Quale che sia la ratio giustificatrice dell’art. 23 della Costituzione, tuttavia, deve essere sin
da ora evidenziato che in materia tributaria si assiste ad un sostanziale affievolimento dei limiti
posti dalla riserva di legge34 (ancorché relativa). Le ragioni di ciò possono essere ravvisate
anzitutto nel fenomeno dell’abuso dello strumento della decretazione d’urgenza.
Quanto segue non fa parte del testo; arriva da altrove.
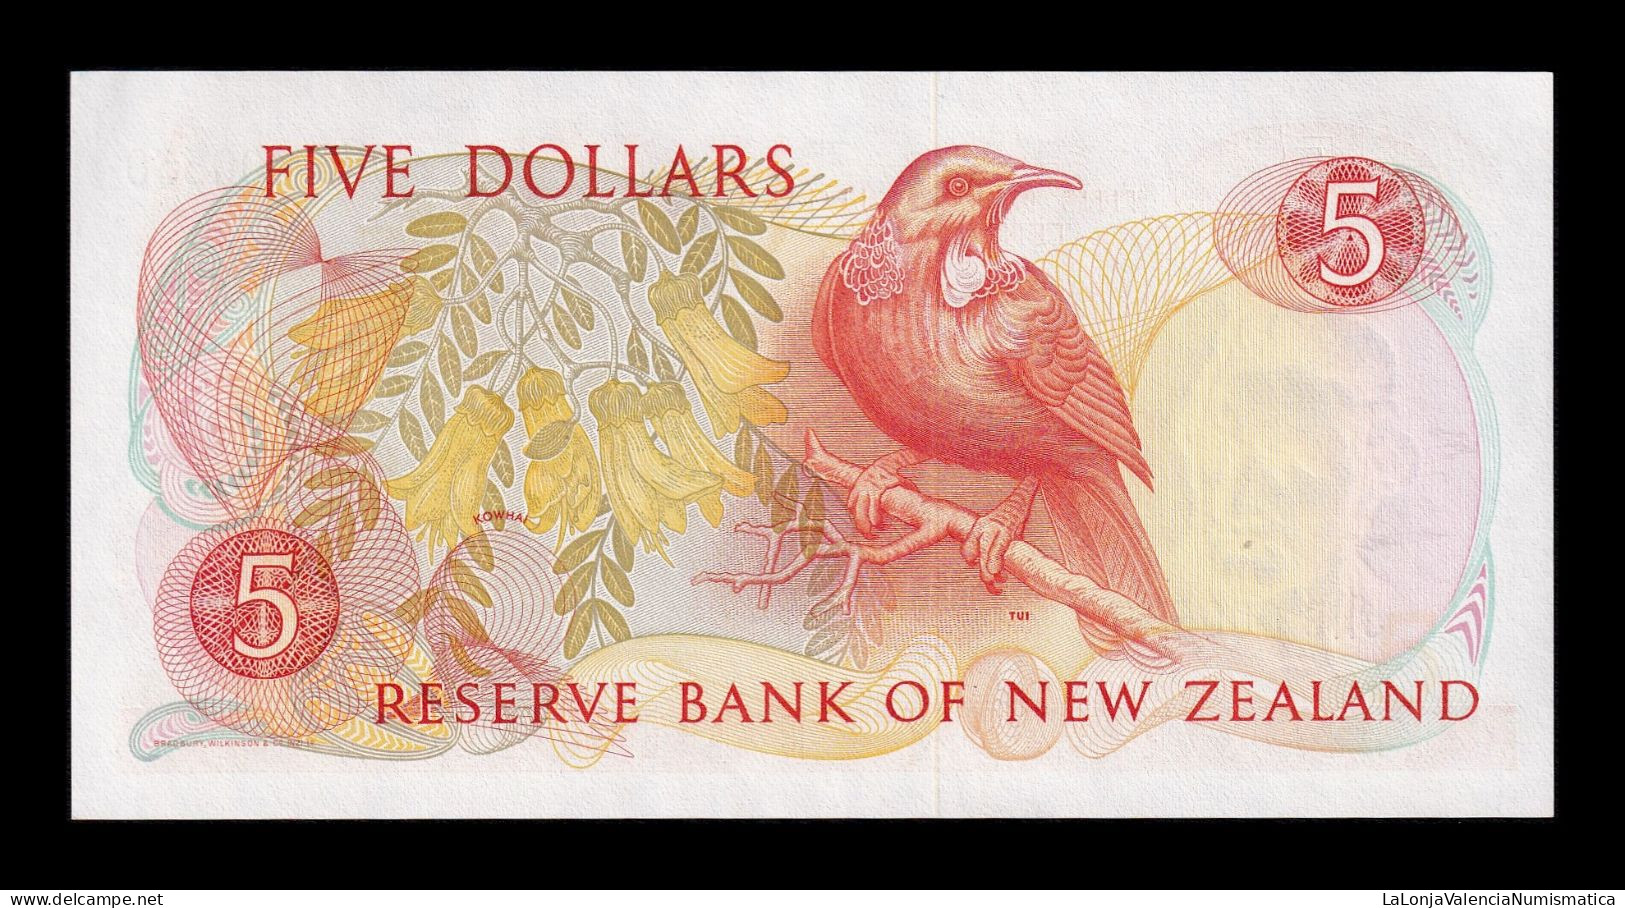 Nueva Zelanda New Zealand 5 Dollars ND (1981-1992) Pick 171c Sc Unc - Nieuw-Zeeland

In secondo luogo, tale processo si spiega con il progressivo rafforzamento dell’autonomia
tributaria degli enti locali35 e nella recente opzione del legislatore per metodi di accertamento di
tipo induttivo legati a parametri determinabili dall’amministrazione con una certa dose di
discrezionalità. Sebbene la prevalente dottrina ritenga che la disciplina delle procedure di
accertamento possa essere demandata ad atti di fonte secondaria, tuttavia il confine tra norme sul
presupposto e norme sull’accertamento non è nella pratica così netto. Si pensi, per l’appunto, ai
sistemi di accertamento di tipo induttivo basati su coefficienti presuntivi, laddove pur avendo il
legislatore sommariamente indicato gli elementi in base a cui elaborare i coefficienti, manca nella
legge la predeterminazione dei procedimenti tecnici di calcolo e dunque viene lasciata in concreto
all’amministrazione ampio margine valutativo nella determinazione del maggior reddito o del
maggior volume d’affari accertabile in capo al contribuente. In tal modo, la regolamentazione della
procedura di accertamento (vista la difficoltà della prova contraria in capo al contribuente) si
sostanzia, in realtà, in determinazione del criterio di ripartizione del carico tributario e, in definitiva,
del presupposto d’imposta in contrasto con l’art. 23 della Costituzione.
34
Si veda al riguardo, Perrone, Appunti sulle garanzie costituzionali in materia tributaria, in Riv.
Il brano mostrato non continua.